El ministro de Seguridad Ciudadana, Jorge Gassenbauer, será desplazado en los próximos días de su cargo, mientras la ola delictiva y los casos de corrupción policial desbordan al gobernador José Alperovich.
Gassenbauer, de profesión contador, y con el único antecedente político de ser el mejor amigo y cajero de Alperovich, demostró en forma palmaria ser un inútil para manejar a una policía cada vez más autonóma y dedicada a emprendimentos paralelos.
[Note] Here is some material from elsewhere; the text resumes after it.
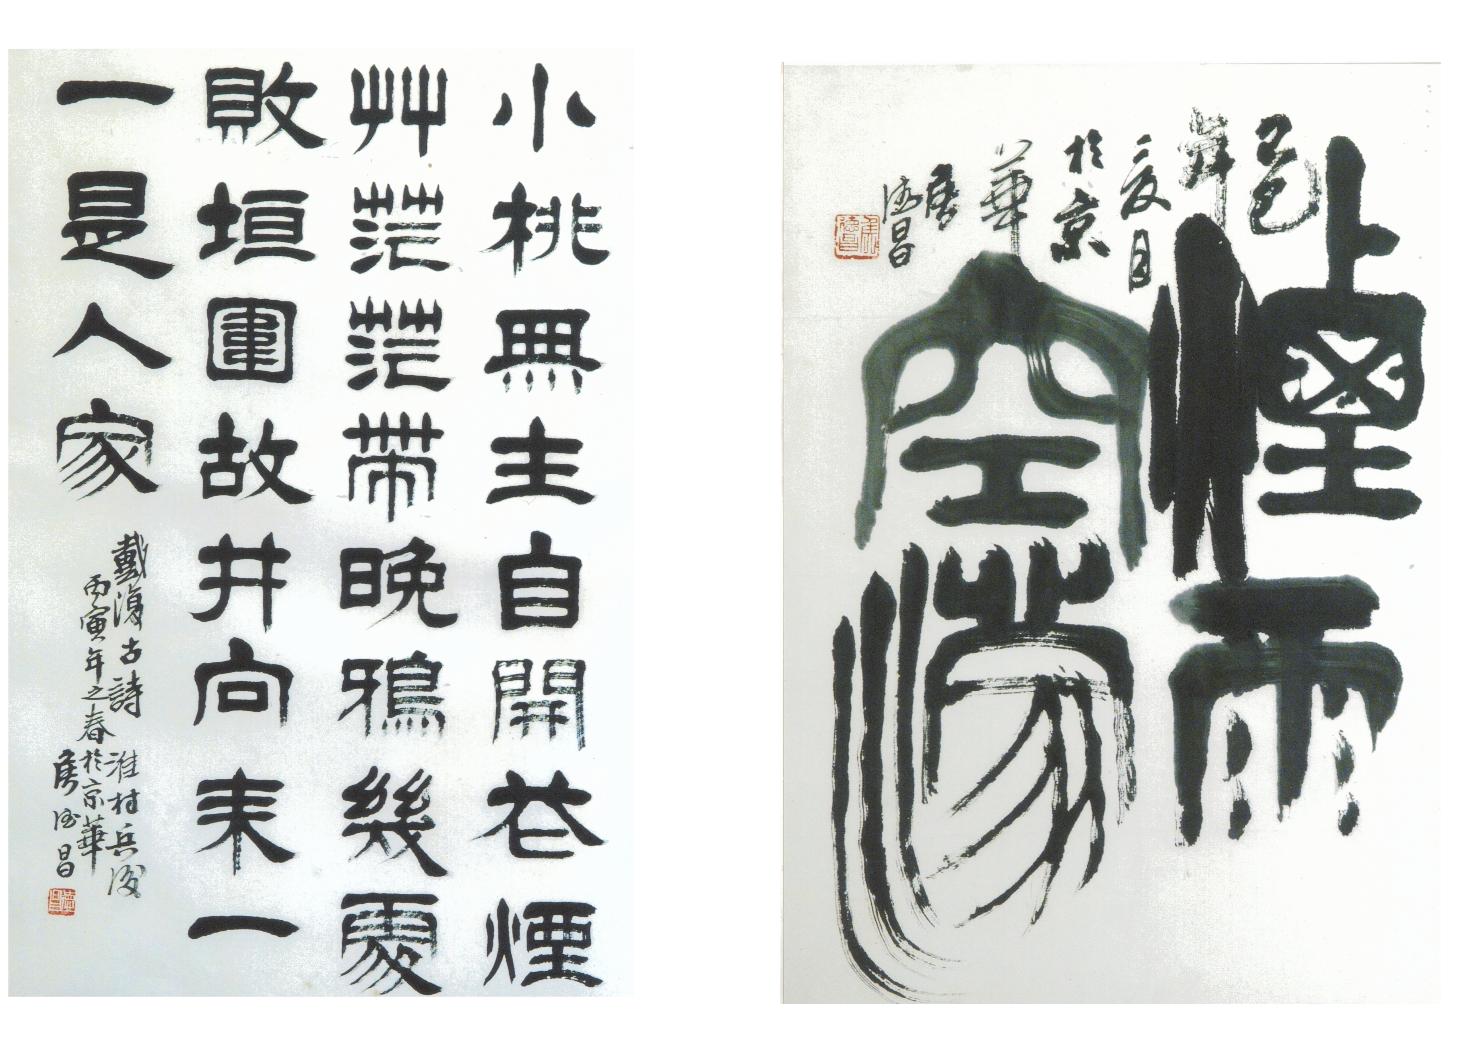 侯德昌-page003

El ministro anterior, Mario López Herrera, también había sido deplorable, pero Alperovich lo mantuvo a capa y espada durante años, mientras los índices delictivos iban hacia arriba.
Al asumir Gassenbauer la situación se terminó por descontrolar.
Crecieron las peleas entre jefes por suculentos negocios, y comenzaron a salir a la luz múltiples casos de policías secuestradores, narcopolicías, crímenes dudosos con presunta participación de uniformados, etc.
Mientras Gassenbauer se dedica a distraer con anuncios sobre el 911 o las pistolas eléctricas, los delincuentes siguen avanzando, e incluso ya operan con audacia en pleno centro de Tucumán.
En las zonas más periféricas, decenas de miles de familias tienen que vivir prisioneras de ladrones y narcotraficantes que operan con complicidad policial.
Gassenbauer luego de las elecciones pasará a la cartera de Interior, para dedicarse a seguir contando dinero, ahora de las oscuras comunas rurales. En su reemplazo, Paul Hofer, inexperto secretario de Seguridad será ascendido a ministro.
Por lo menos hasta 2015, cuando Alperovich se vaya, estaremos condenados a que los parches y la falta de políticas frente al delito sigan deteriorando la vida de los tucumanos.